The biggest struggle in life at the moment is keeping quiet in the school staff rooms. Every day I have to watch children being beaten, as young as 4 or 5 years old, for terrible crimes such as sending a note in class, or getting a maths problem wrong. I may know very little about child psychology,. but it seems to me that if a child is shown why they have done wrong, and shown the choices they have, then surely they will learn the right and wrong choices. Children here live in fear of all teachers, and follow instructions blindly and it really makes me sad. I was a very awkward child for my teachers, because my family always taught me to follow my judgement and beliefs, and so I often refused to do things that seemed pointless or immoral to my young self, but I now completly trust my judgement, and learnt when young to follow what i believe and not what i am told. Its something i think a lot about, a hope I have influence in a small way either now or later in my life.

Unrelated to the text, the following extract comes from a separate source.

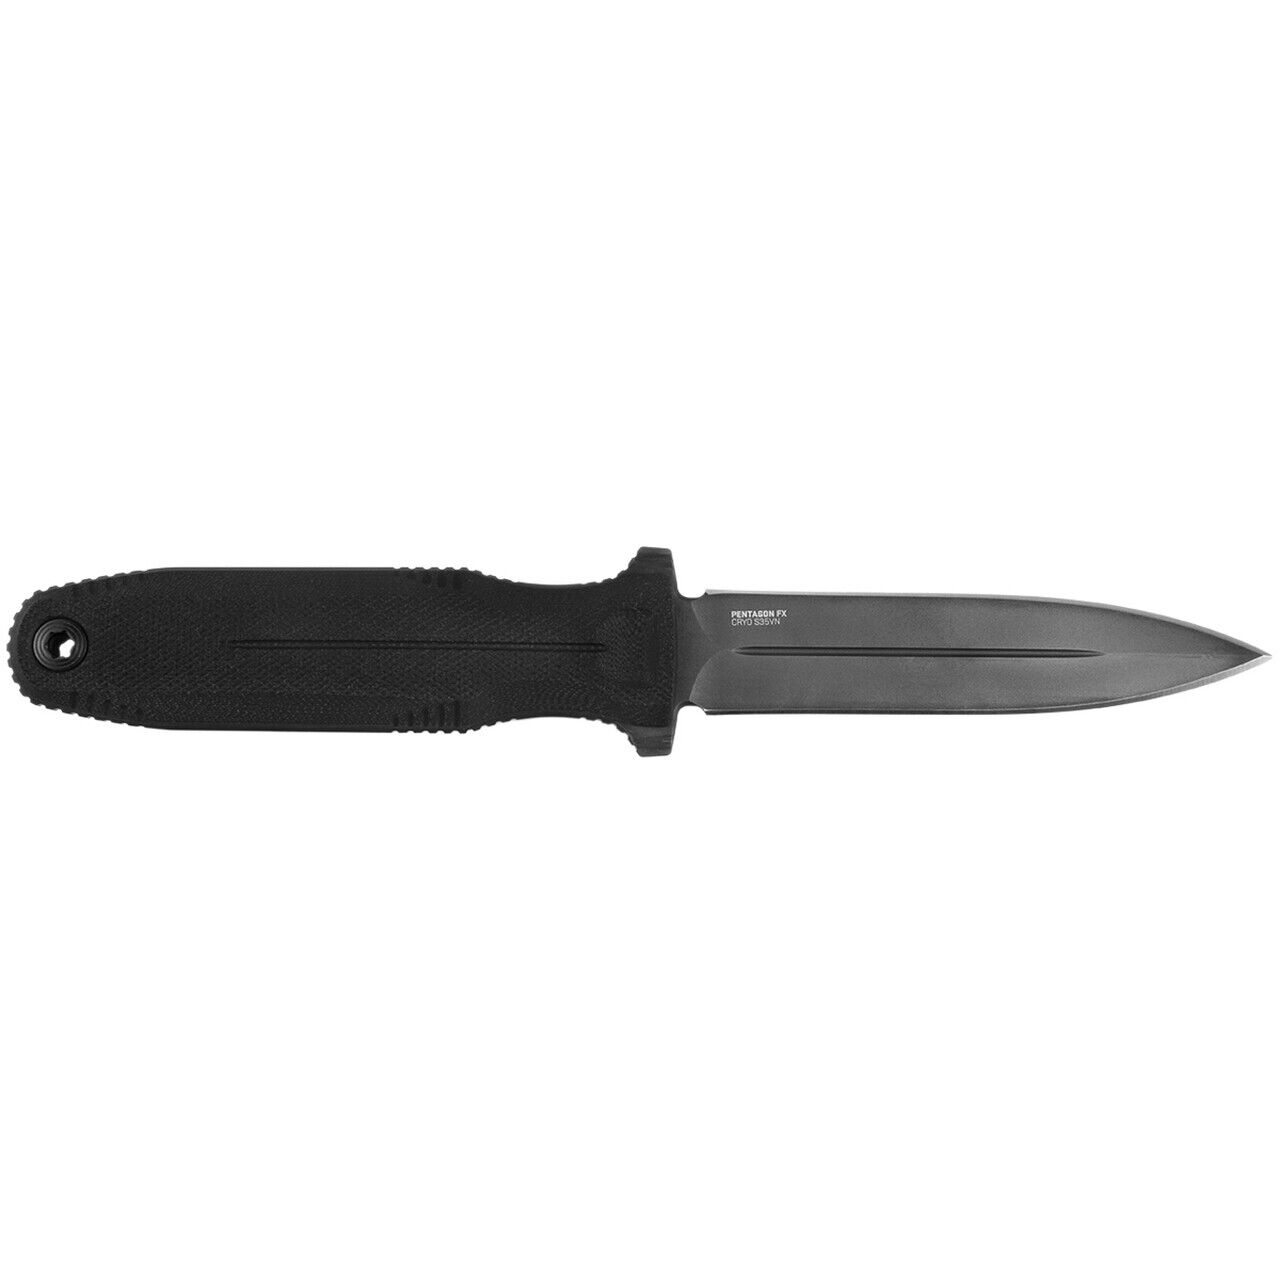 SOG Knives Pentagon FX Black G-10 CRYO CPM S35VN Steel 17-61-01-57
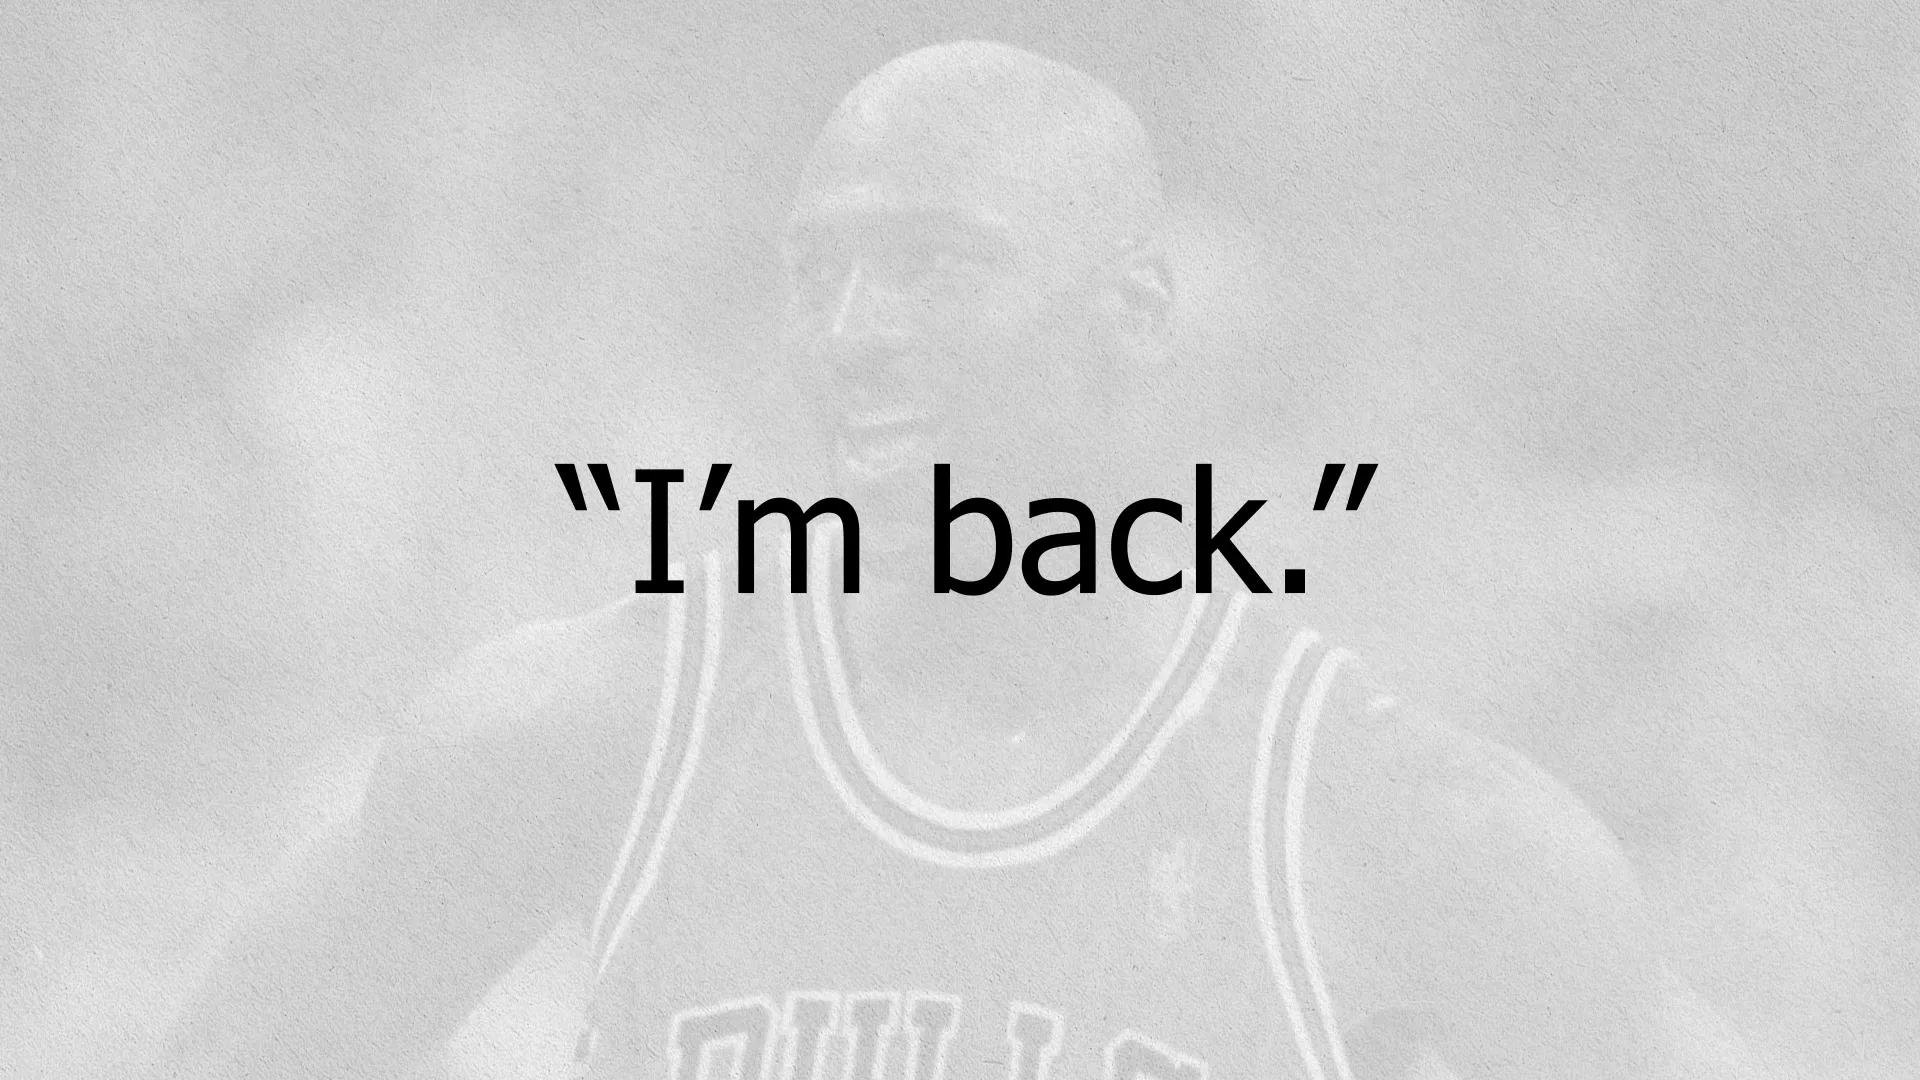 Michael Jordan quits baseball in 1995 after spending a season in

 Over the months i have ajusted to a slow pace, and doing only one thing a day, but village is something else when it comes to time. there is the complete opposites of the schools being run like military  camps, and children making sure they are on time to avoid a beating. and the community, where people take it as normal to turn up 2 hrs or 2 days late, therefore me and happy are always early for the community meetings, but late for school.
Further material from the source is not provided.